Modifiers may apply depending on the circumstances of the procedure and payer requirements.Examples include modifiers for anesthesia (e.g., 47), reduced services (52), or repeat procedures (76).
The medical necessity for additional biopsies is determined by the presence of suspicious lesions identified on pre-procedure imaging that warrant further evaluation.The clinical findings (size, location, characteristics of the lesions) and the patient’s medical history should support the decision to perform these additional biopsies.
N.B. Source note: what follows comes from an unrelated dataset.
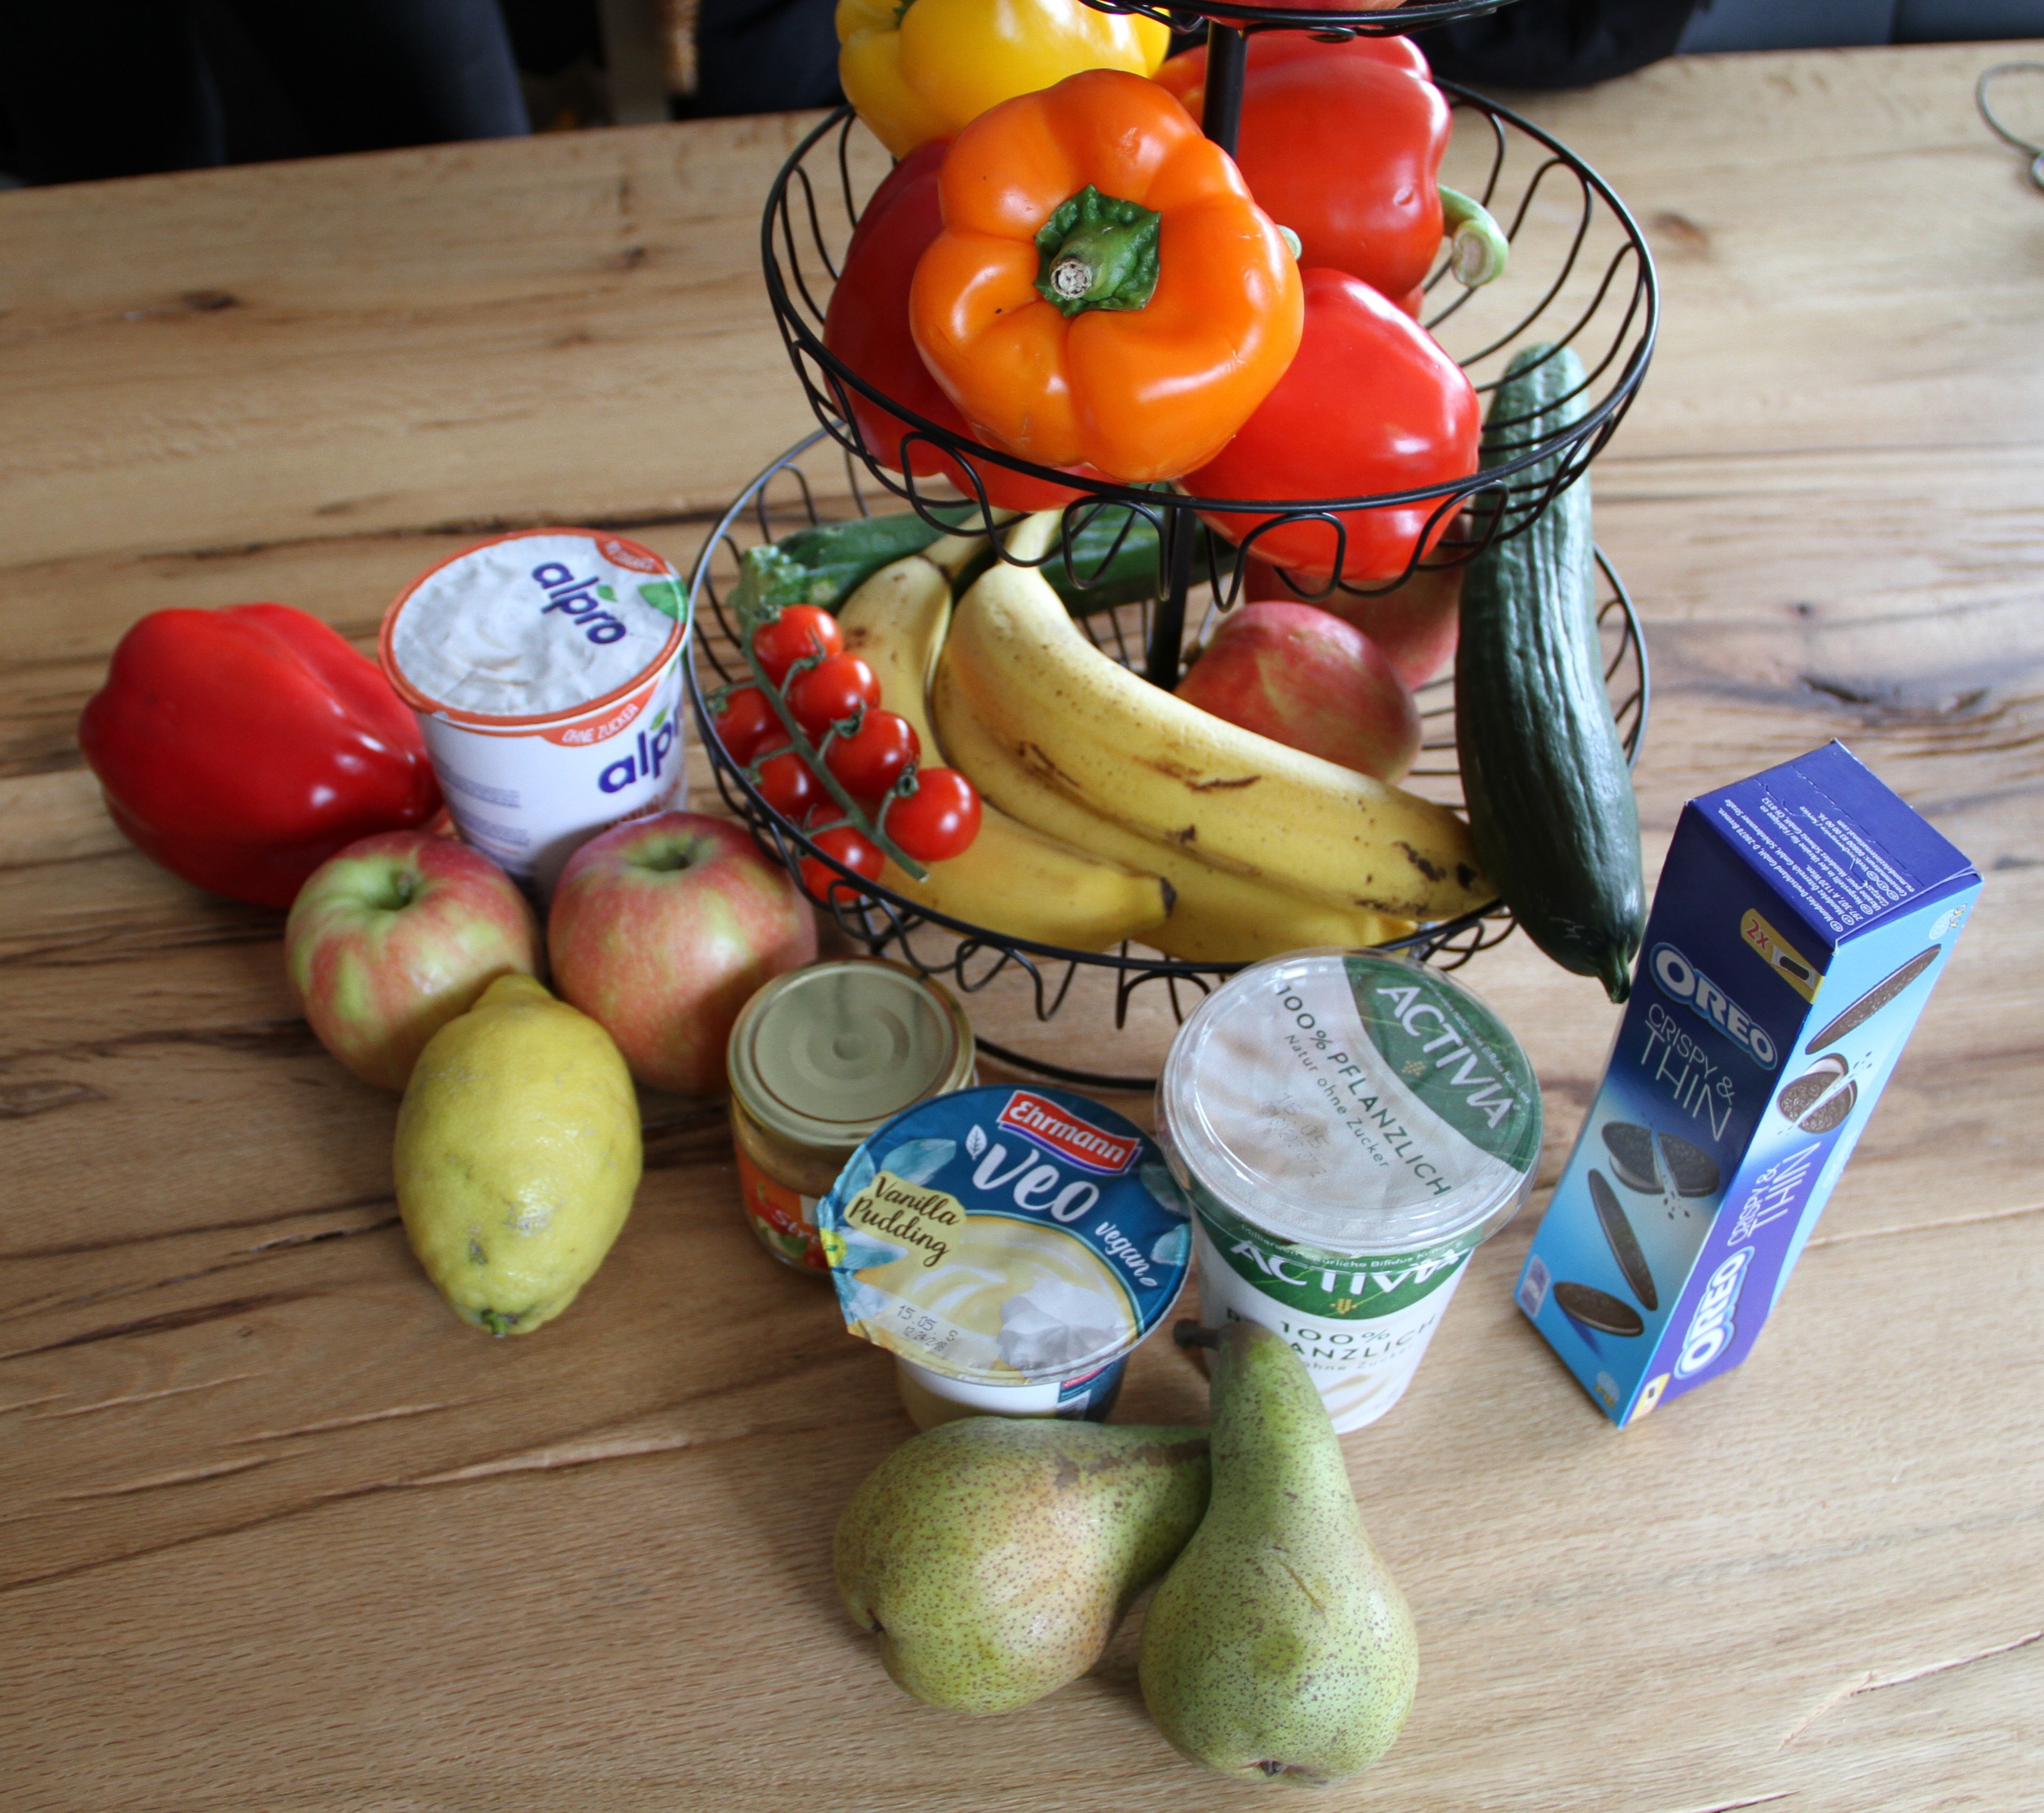 Obst, Gemüse, vegane Produkte aus dem Bio-Laden oder dem Supermarkt: Vegane Ernährung kann gesund sein, muss sie aber nicht, weiß Leonie. von Kerstin Sauer

The need for the additional biopsies must be documented clearly in the medical record.
The physician is responsible for performing the percutaneous biopsy under magnetic resonance guidance, including making the small incision, removing tissue from the additional breast lesion, potentially placing localization devices, imaging the specimen, and applying pressure and bandages at the incision site.The physician must ensure the procedure is medically necessary and appropriately documented.
In simple words: This code covers a breast biopsy procedure where a doctor takes a tissue sample from an extra breast area after already doing a biopsy in another part of the breast. This uses special imaging called magnetic resonance to precisely guide the needle. The doctor might also put in a tiny marker and check the sample on imaging. The procedure is done in the same visit as the first biopsy.The code is used once for each extra breast tissue sample taken.
This CPT code reports percutaneous biopsy of each additional breast lesion under magnetic resonance guidance, following a separately reported initial breast lesion biopsy.The procedure includes the removal of tissue from an additional breast lesion during the same session as the initial biopsy.It may also include placement of one or more localization devices and imaging of the specimen. Pressure and bandages are applied to the incision site following tissue removal.This code is reported once for each additional lesion biopsied.Localization device placement and specimen imaging are included if performed, but not required for code reporting.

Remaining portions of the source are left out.